If you want the full system up&running with just one command you can issue (from the root of the repo):

docker compose -f .\docker-compose.yaml -f .\sonarqube\docker-compose.yaml -f .\k6\docker-compose.yaml up

You should see all containers coming up (following picture is taken from VS Code Docker extension):

Note: selenium containers are not run with this command because the grid will be automatically run on demand by the Jenkins before running UI tests.

Note: before running Sonarqube, be sure to meet Docker Host Requirements
Usually you should issue these command:

  sysctl -w vm.max_map_count=524288
  sysctl -w fs.file-max=131072`
  ulimit -n 131072
  ulimit -u 8192

If everything went well, you now have many systems ready:

⚠️ Security Notes ⚠️
This stack is not production ready:

• For running docker agents from Jenkins, I exposed docker daemon on tcp://localhost:2375 without TLS locally
• I relaxed some Jenkins CSP to correctly visualize k6 HTML reports.

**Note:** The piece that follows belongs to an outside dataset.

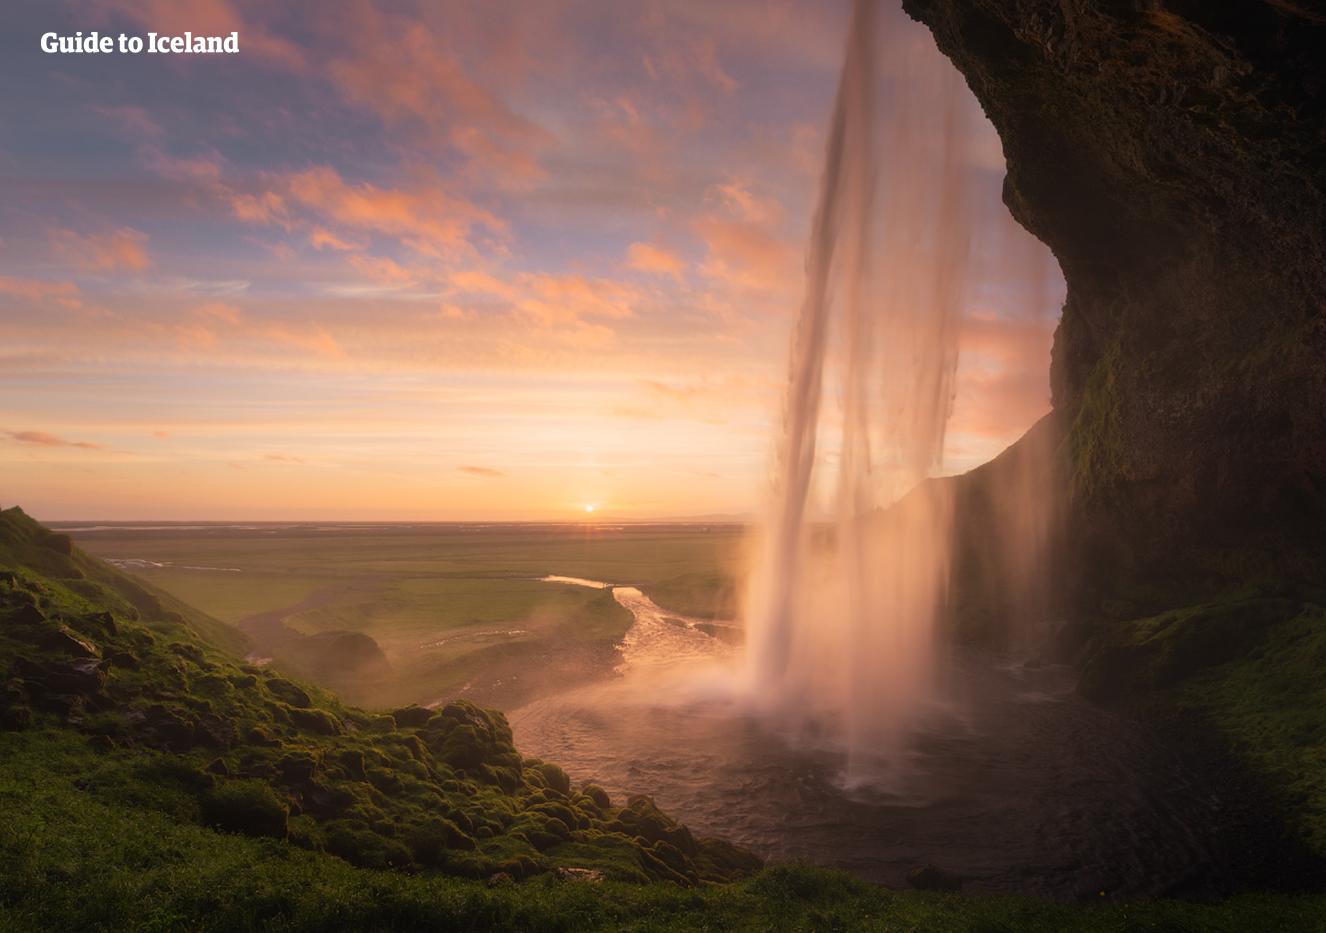 冰岛南岸的塞里雅兰瀑布与午夜阳光相映成趣

If you do not need this feature, feel free to remove hudson.model.DirectoryBrowserSupport.CSP directive inside /jenkins/Dockerfile file.
• Docker registry is just meant for hosting local built images ( used as Jenkins Pipeline Docker agents) so it runs insecure (without certificates)

Jenkins

The first piece of the puzzle is Jenkins, the automation tool.
A custom docker image is built starting from the official one for minor adjustments:

• disable wizard setup
• setting up Jenkins Configuration as Code plugin directory
• setting up pre-provisioned jobs
• modifying Content Security Policy for supporting k6 HTML reports
• adding docker and docker-compose to the image. This is useful when using the default agent, for running docker commands like bringing up a selenium grid
• pre-provisioning the image with a bunch of plugins

Thanks to the JCasC and Seed Job plugins when we start Jenkins we will find all the job folder containing test jobs alredy in place:

Note: all the Jenkins configuration (JCasC and Jobs) is stored into separate files into /jenkins/casc_configs folder. You can add files here to automatically create new jobs or modify Jenkins configuration

Note: remember to approve scripts before runnig them otherwise they'll fail.
You can also edit and re-save job configuration for approving jobs.

Test job folder "docker":

Here you will find some tests for basic usage.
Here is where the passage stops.